The compensation judge accepted the causation opinion of Drs. Lubka and Galicich.  The employer contends, however, the judge’s reliance on those medical opinions was legally erroneous because the doctors lacked foundation to opine the employee’s work activities caused his neck condition.  The employer argues the only factual basis for the doctors’ opinions is that the employee was at work, which is insufficient factual foundation for the opinions, and that the doctors’ unsupported conclusions should have been rejected by the compensation judge as lacking any probative value.

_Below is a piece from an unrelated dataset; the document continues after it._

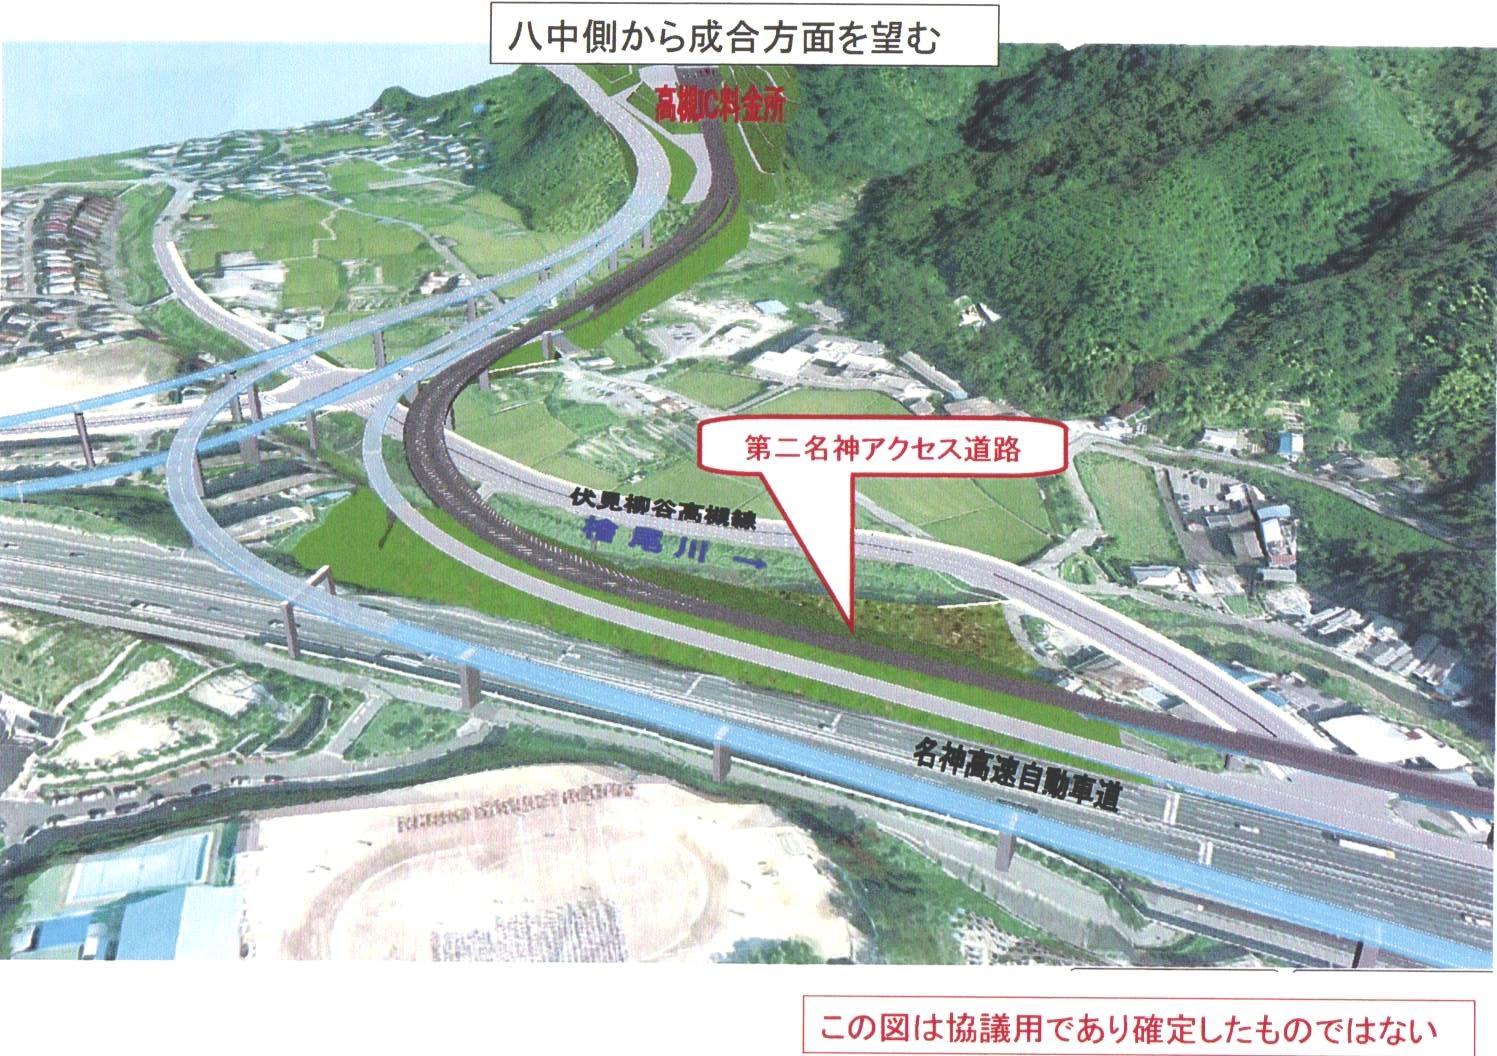 第二名神自動車道アクセス道路変更 - 岡本茂のひとりごと
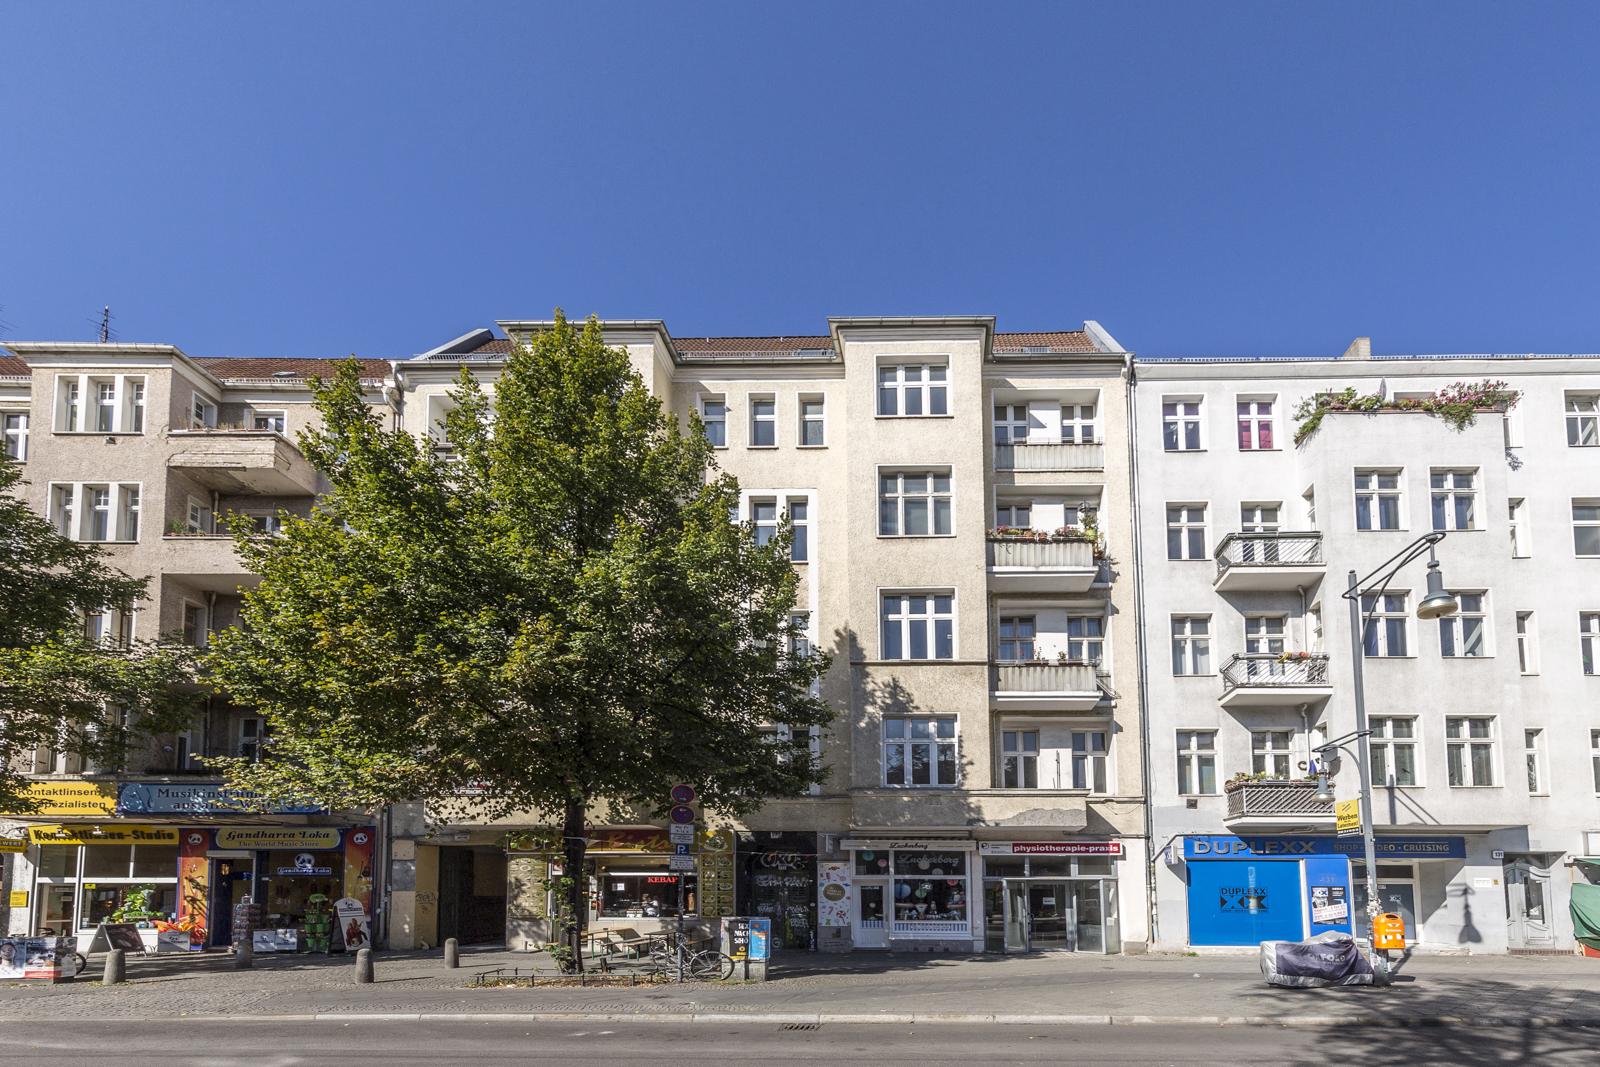 Ingo_Lawaczeck_Mähre_Schönhauser-1

The employer specifically argues that Dr. Lubka’s opinions lack foundation as he never provided any indication of the facts upon which he relied in reaching his opinion that the employee’s condition was work-related.  The employer also contends that it is unclear whether Dr. Lubka had any actual knowledge of the employee’s injury and work activities, since his chart notes in November and December 2006 include no mention of the employee’s October 28, 2006, incident - - in sharp contradiction to his report of January 21, 2008, wherein he does mention an injury.  In addition, the employer argues that Dr. Galicich’s opinion lacks foundation, contending that Dr. Galicich did not appear to be aware of the employee’s neck problems prior to October 28, 2006.  It contends that neither of the doctors’ reports indicated that they were aware of the employee’s symptoms on October 28 and his later symptoms in November 2006 that precipitated his consultation with Dr. Lubka in December 2006, and that neither doctor explained why the employee would have been able to continue working following his October injury, without complaint and without seeking treatment until approximately seven weeks later.  We are not persuaded.

Dr. Lubka, the physician to whom the employee initially reported his neck symptoms, obtained a medical history from the employee, as reflected in his chart notes of October, November and December 2006.  Dr. Lubka ordered and reviewed diagnostic tests, and performed physical examinations.  Dr. Galicich, the employee’s treating surgeon, obtained a history from the employee, including a reference by the employee to earlier treatment for a stiff neck and muscle spasms in his neck.[2]  He also conducted a physical examination of the employee, and reviewed the results of diagnostic testing.  As a general  rule, this level of medical expertise and practical experience establishes competency to render an expert medical opinion.  Reinhardt v. Colton, 337 N.W.2d 88 (Minn. 1983).

Dr. Lubka concluded that the employee’s work activity led to a rupture of a cervical disk and resulting bilateral upper extremity radiculopathy.  Dr. Galicich concluded that the employee’s act of looking upward was the cause of his disc herniation and resultant compression of the spinal cord.  We acknowledge that neither doctor itemized other records or information he reviewed in arriving at his opinion.  An expert medical opinion, however, does not lack foundation because the doctor fails to explain the underlying reasons for his expert opinion.  Rather, the presence or absence of such testimony or explanation goes only to the weight that may be afforded the opinion by the compensation judge.  In this case, competent medical witnesses opined that the employee’s injury causally contributed to the disabling condition.  See, e.g., Midtling v. Schwan’s Sales Enters., slip op. (W.C.C.A. Sept. 22, 2003).  Dr. Lubka’s and Dr. Galicich’s opinions were adequately founded and the compensation judge reasonably relied upon those opinions.  Because the compensation judge’s findings are supported by substantial evidence in the record, including medical records and opinions, we affirm the findings in their entirety.



[1] It is unclear from the record whether the employee noticed symptoms in his right or left leg.

[2] As noted in the employee’s handwritten answers to a health information questionnaire he completed at Neurosurgical Associates, Ltd., on December 26, 2006.